**Data items**
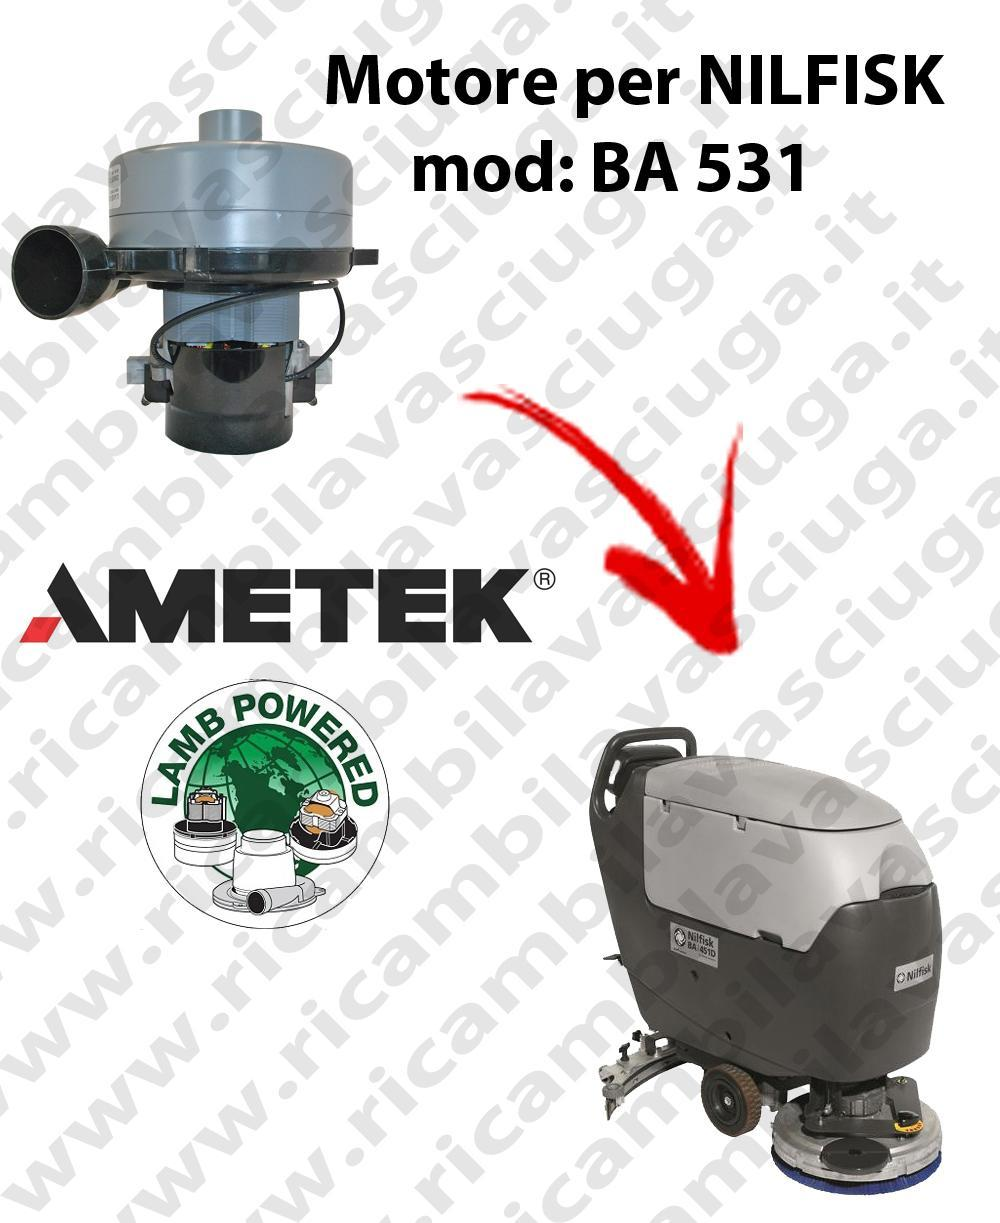 BA 531 Saugmotor LAMB AMETEK für scheuersaugmaschinen NILFISK
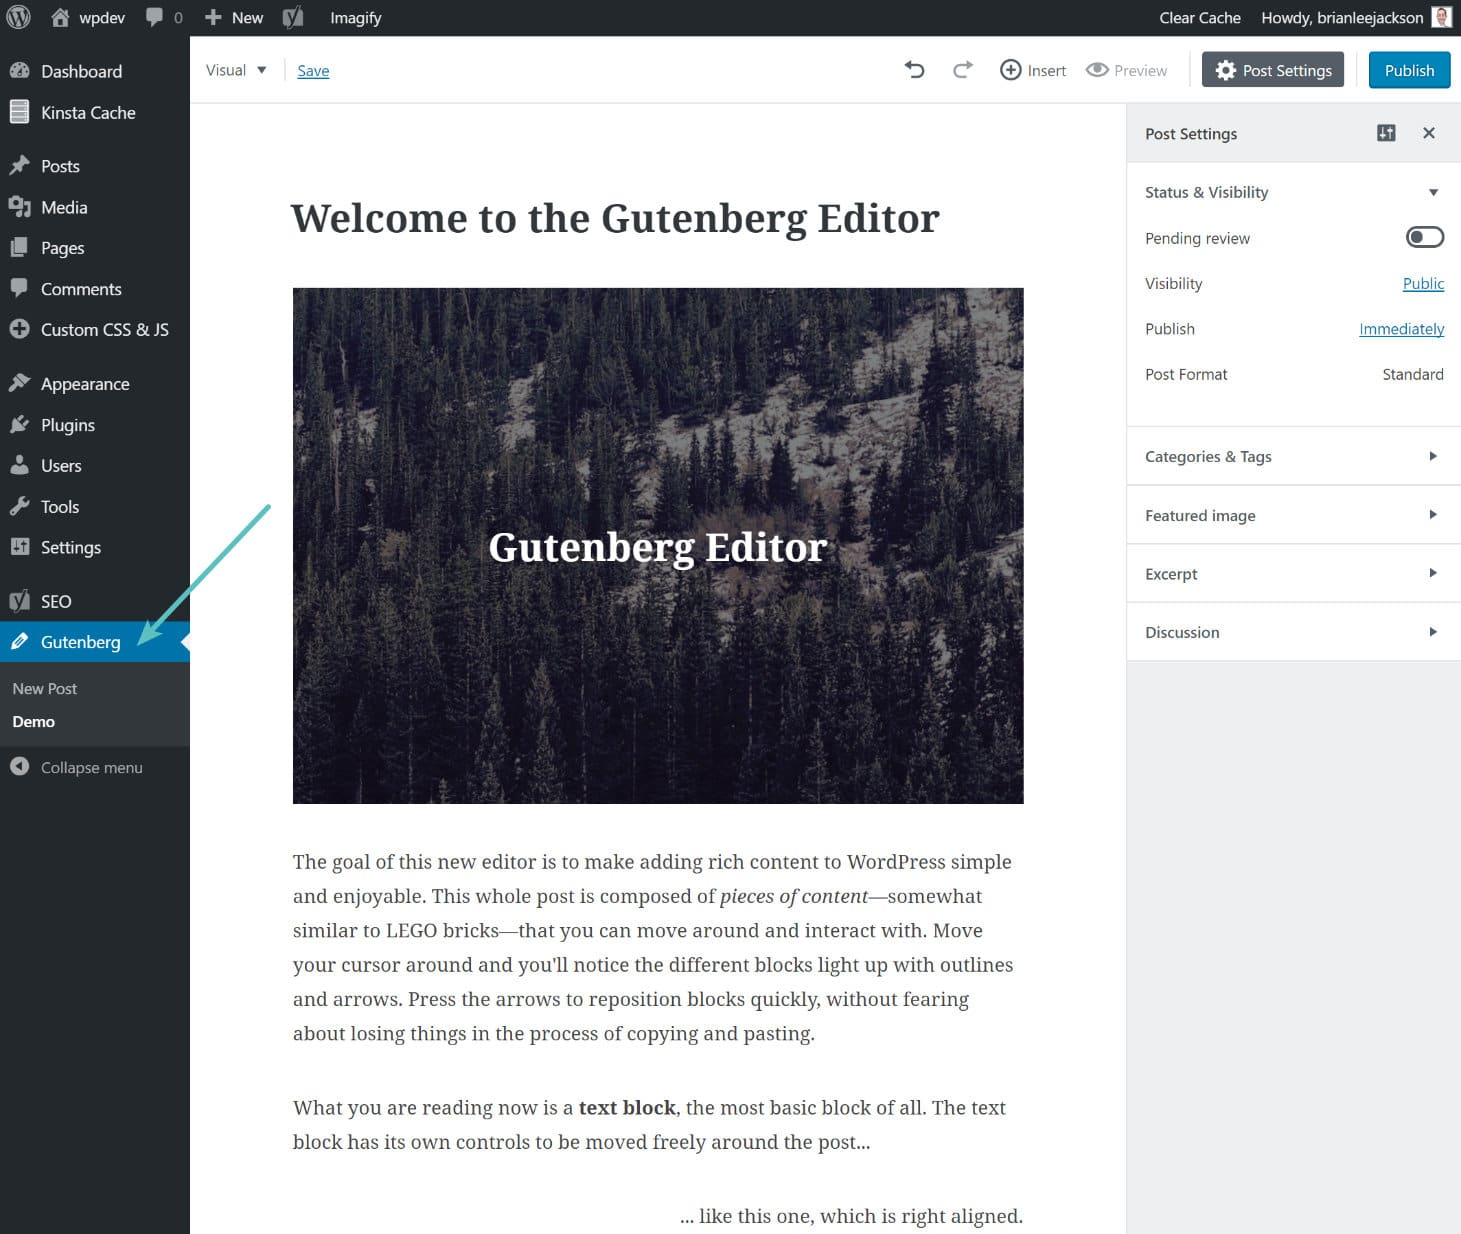 Gutenberg redigerare demo
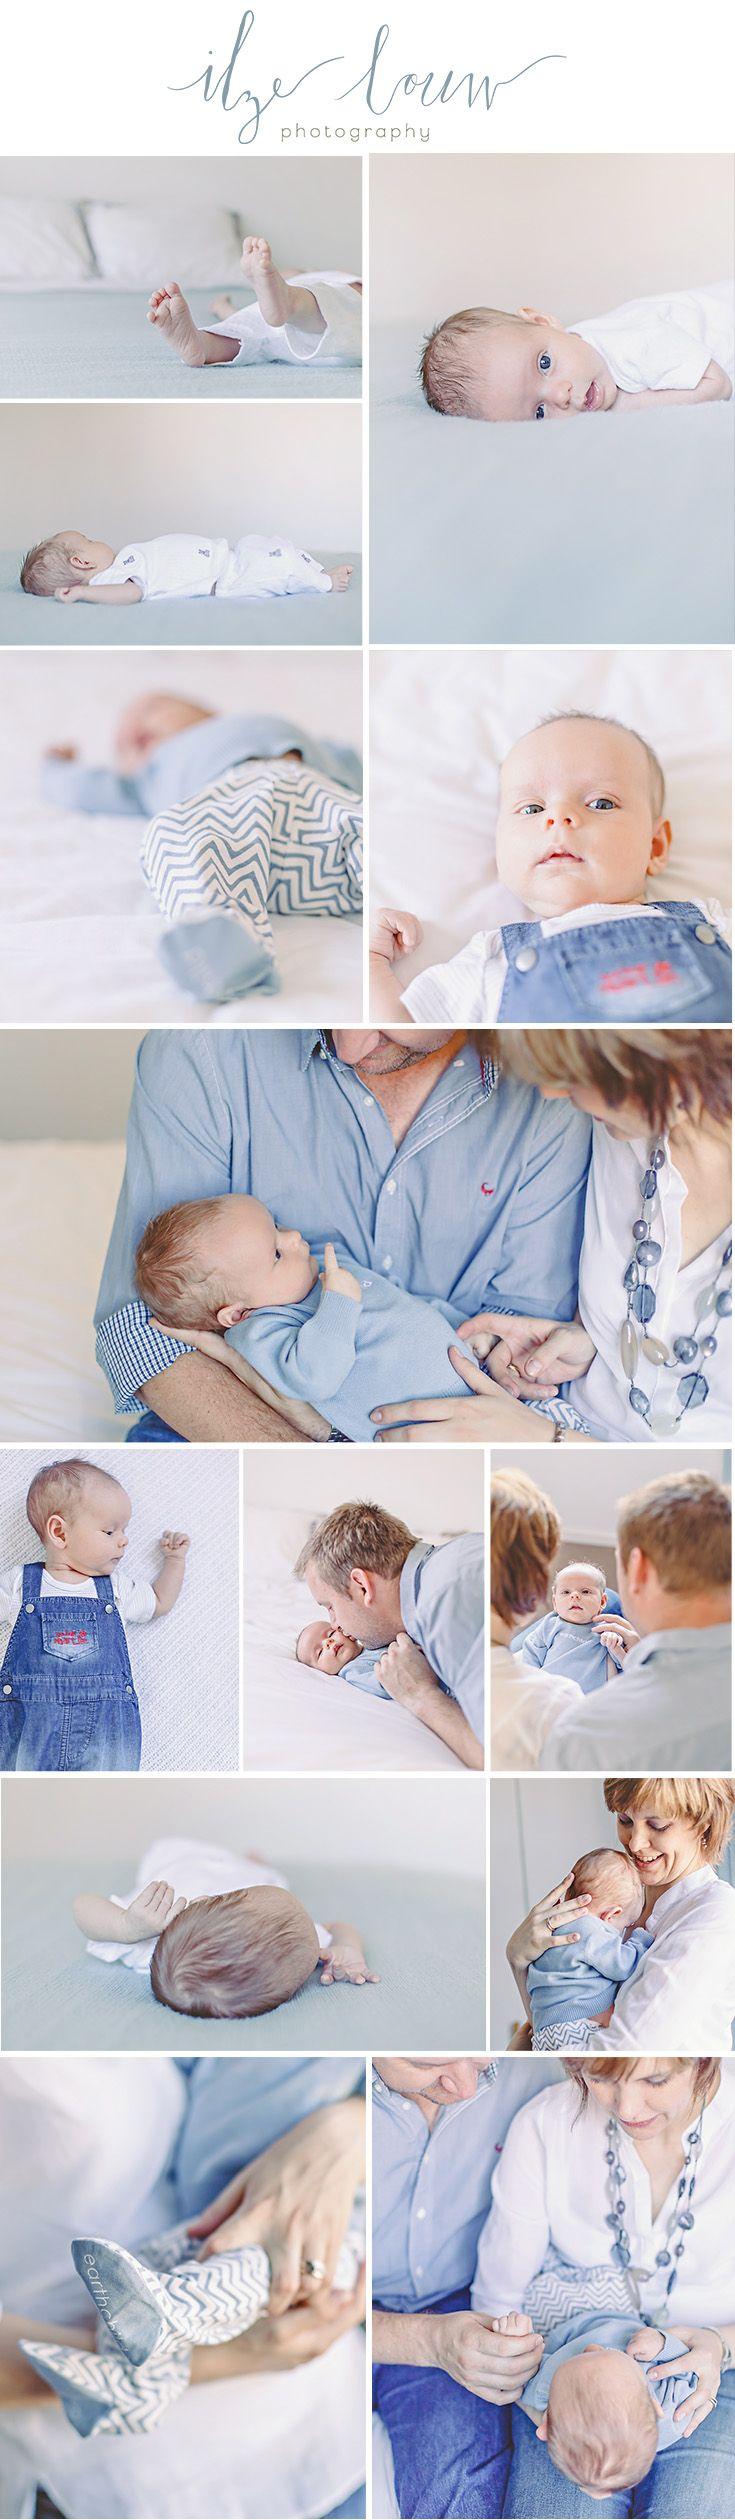 www.ilzelouw.co.za Lifestyle Baby Photographer, Overberg Photographer, Western Cape, South Africa #lifestyle #baby #newborn #photography
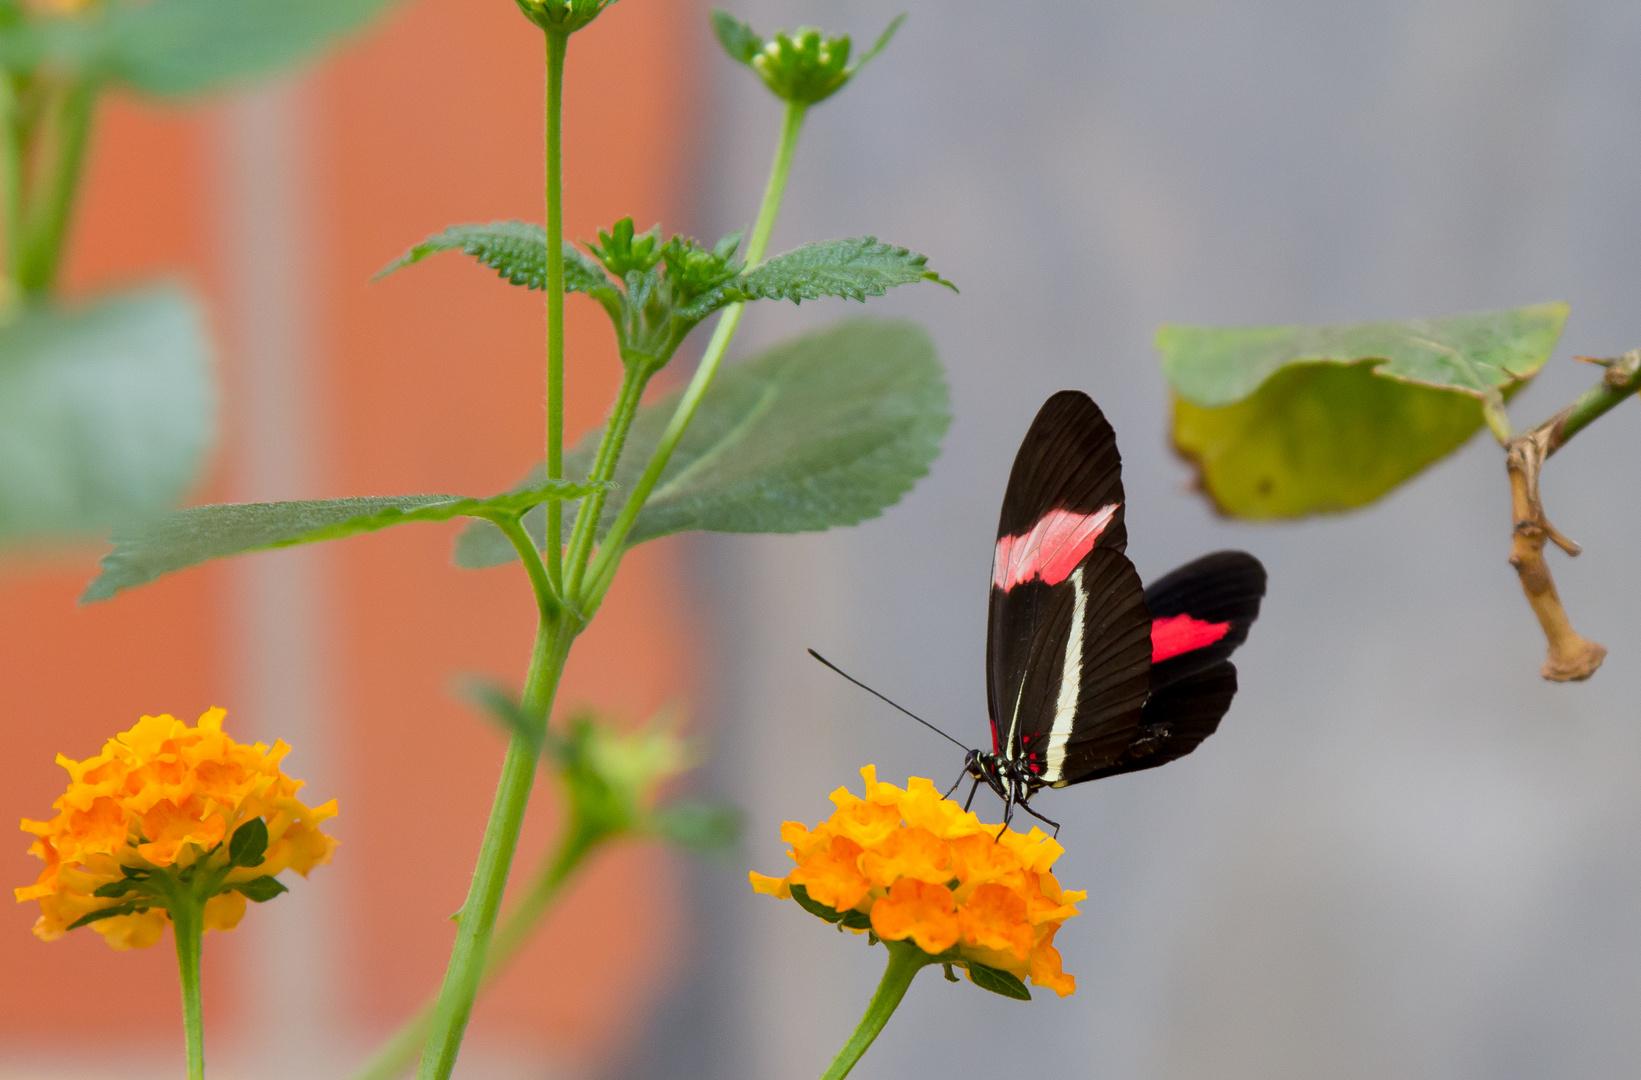 Schmetterlings-Park auf Fehmarn #9
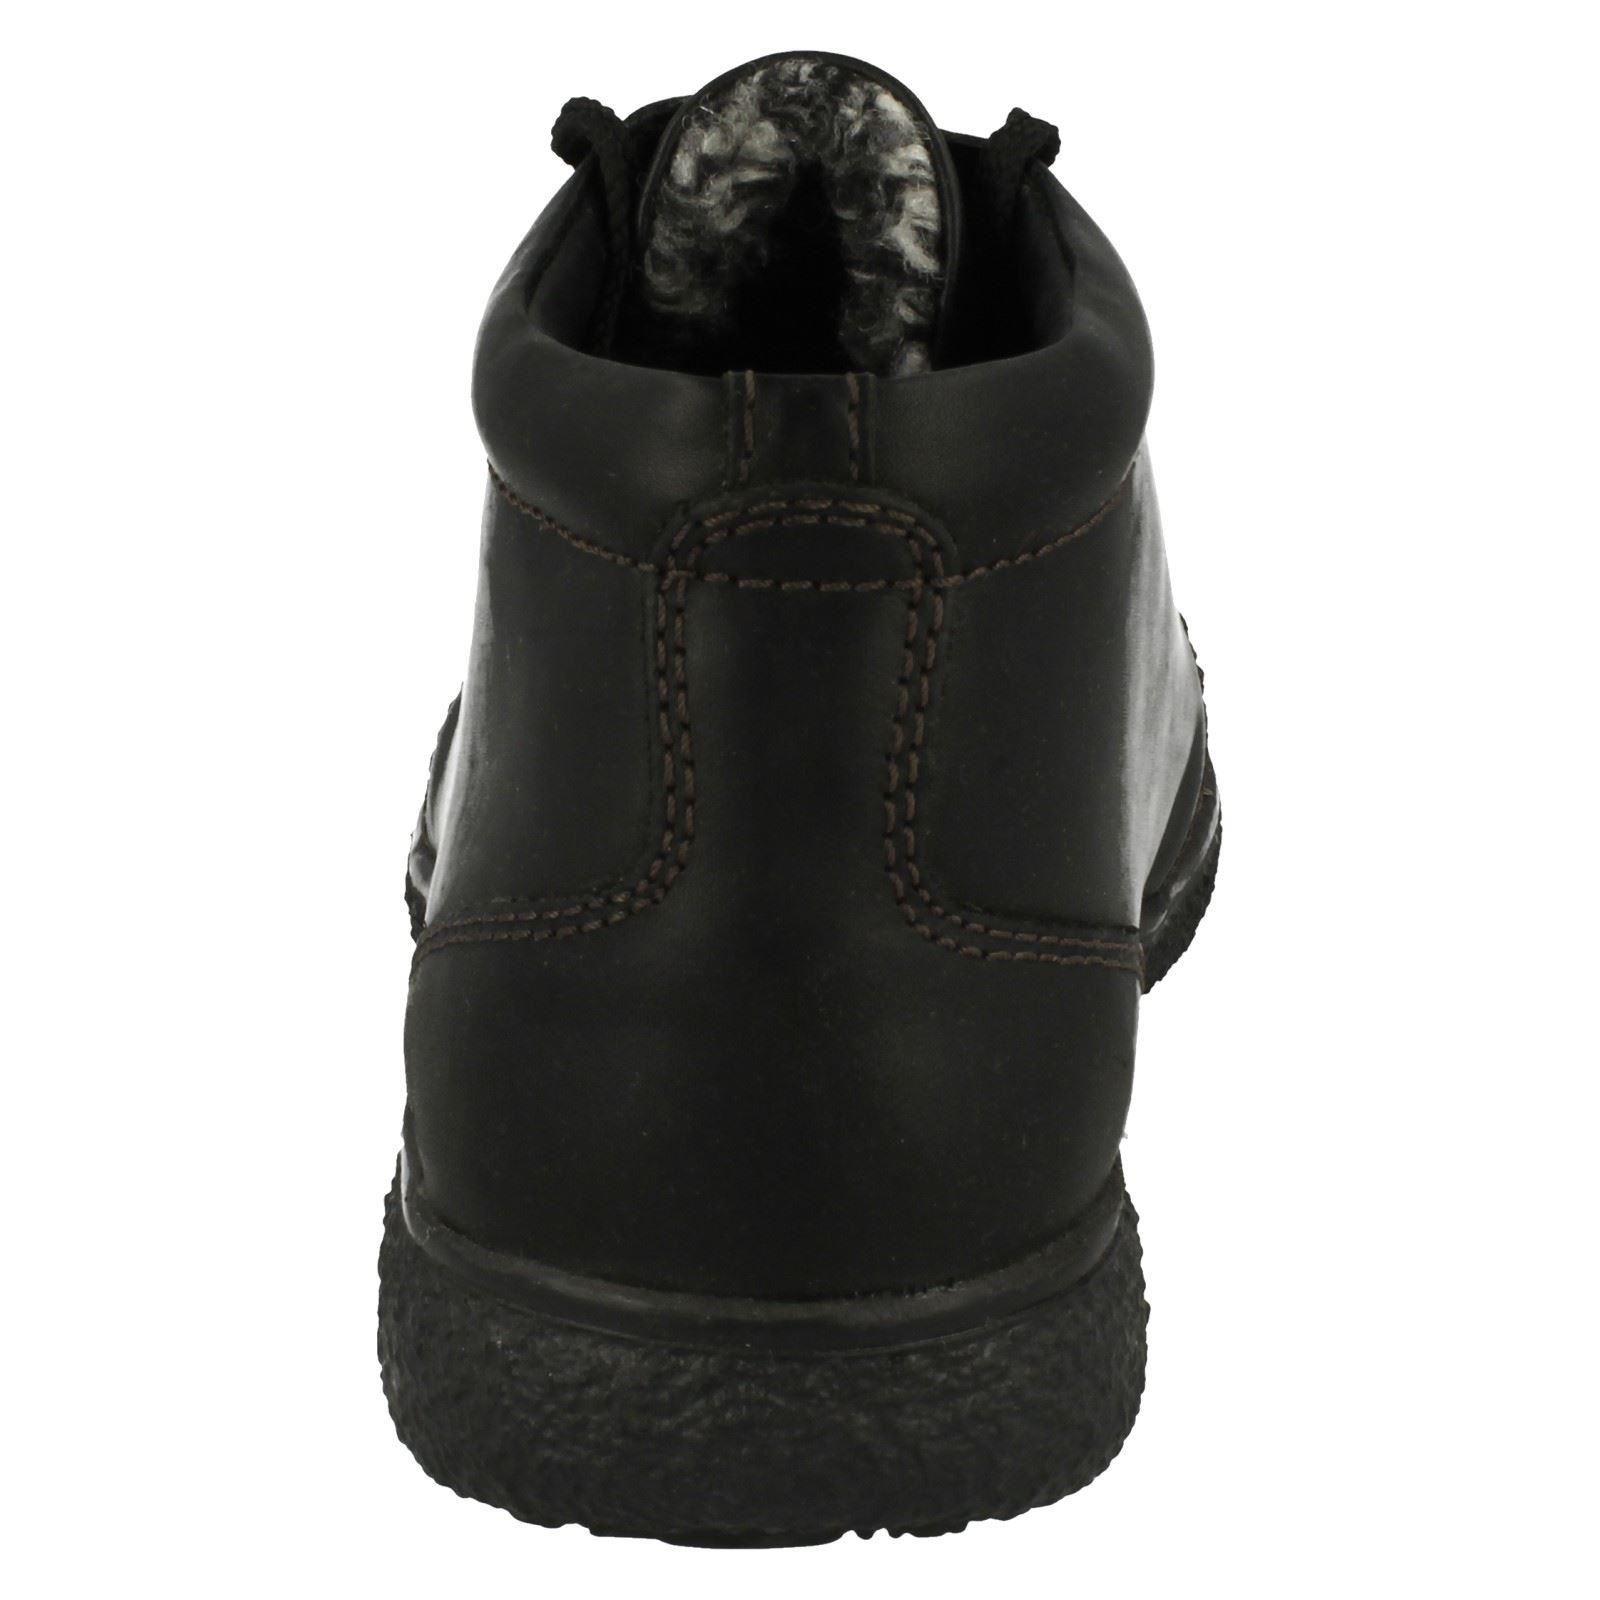 Uomo Padders Warmlined Mel Lace Up Ankle Stiefel Mel Warmlined dcb640

**Task item**
Your response must restate every record above exactly, with each picture omitted.

**Output below**
 BA 531 Saugmotor LAMB AMETEK für scheuersaugmaschinen NILFISK
 Gutenberg redigerare demo
 www.ilzelouw.co.za Lifestyle Baby Photographer, Overberg Photographer, Western Cape, South Africa #lifestyle #baby #newborn #photography
 Schmetterlings-Park auf Fehmarn #9
 Uomo Padders Warmlined Mel Lace Up Ankle Stiefel Mel Warmlined dcb640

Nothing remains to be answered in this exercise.